# SE MN deer hunt



## boone nc (Dec 10, 2005)

I am seriously considering going on a hunt in southern MN, the county will be across the river to Buffalo county WI, and just north of the top producing IA county for Boone and Crocket bucks. Price is way better and that is the only reason I have any reservations about going.

Has anyone ever hunted there or has anyone ever worked with RAM companies? RAM is a outfitter but pretty much just leases land and charges hunters to lease the land for 4-5 day hunts pretty much self guided minus him having at least one stand set up per hunter on the parcels he gives the hunters.

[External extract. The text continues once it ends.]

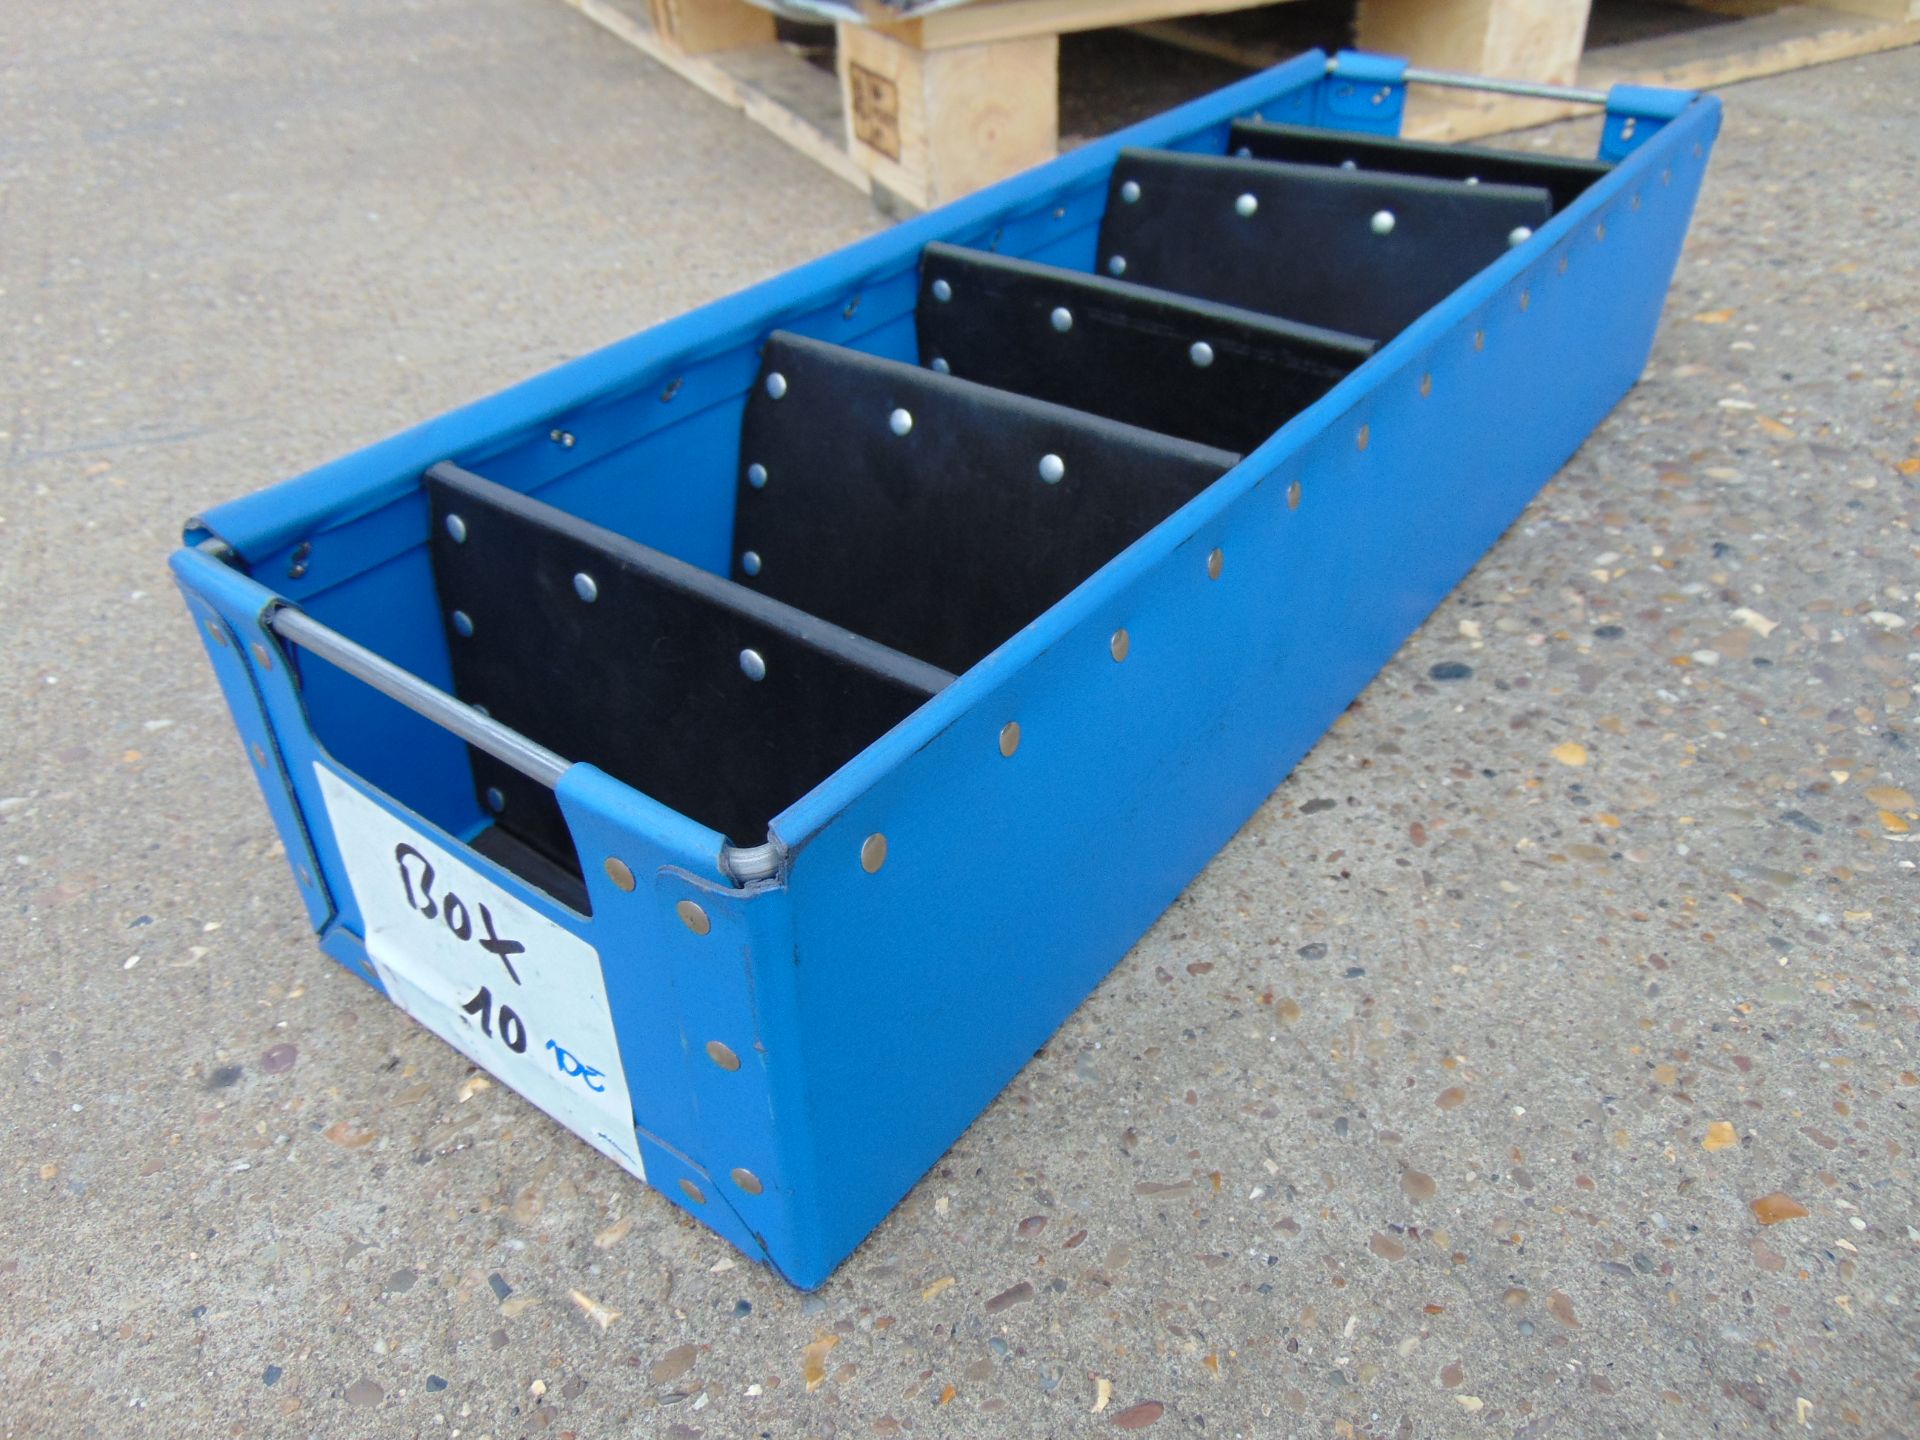 120 x Heavy Duty Tote Storage Boxes with Dividers - Image 5 of 5

Let me konw if anyone has ever been on a hunt similar to this.

Thanks


----------



## westmichhunter (Nov 8, 2010)

Good hunting around Rochester area was there last year on private land. Lots of deer. People don't shoot little deer around there. They understand qdm, unlike some Michigan people. Tags are reasonable too.


----------



## yooperkenny (Jul 13, 2004)

Just a heads up - I believe the area you're considering is where they found the CWD positive deer in Minnesota. Not sure how their DNR is going to address the problem but it could impact your hunt plans.

Please confirm but I'm pretty sure that's where it was....


----------



## ryan-b (Sep 18, 2009)

just read up on that, and your right is was in the Co across the river from buffalo co.


----------



## pgaffney (Jan 27, 2010)

Not sure if you have booked a hunt yet with us but let us know if you have more questions.

The DNR did find 1 deer that tested positive to cwd in S.E. Minnesota, the location is about 50 miles from most of our tracts of ground. The have just got done with testing 1000 deer harvested in the last month, no positives....

Our hunts are of great value! 

I do this for a living and have been in the industry for 20 yrs. I have a simple formula for our hunters and we won't drain your bank account.

If you hunt with us each year you will have encounters with trophy class bucks, if you want to spend twice as much with an outfitter that gives you a soft pillow and big steak that is your decision.

Good Hunting!
Pat
RAM
minnesotawhitetailhunts.com


----------



## boone nc (Dec 10, 2005)

Hey Pat, I sent you a pm. 

To all others reading this Pat has a pretty nice looking set up and has been very helpful so far. I have not booked a hunt yet but if I am able I will probably go with him.

Check out his website and call him. It impressed me.


----------



## pgaffney (Jan 27, 2010)

Thanks for note, forum stuff is new to me and still trying to navigate my way around. Hope to have you give us a try this year.

Pat


----------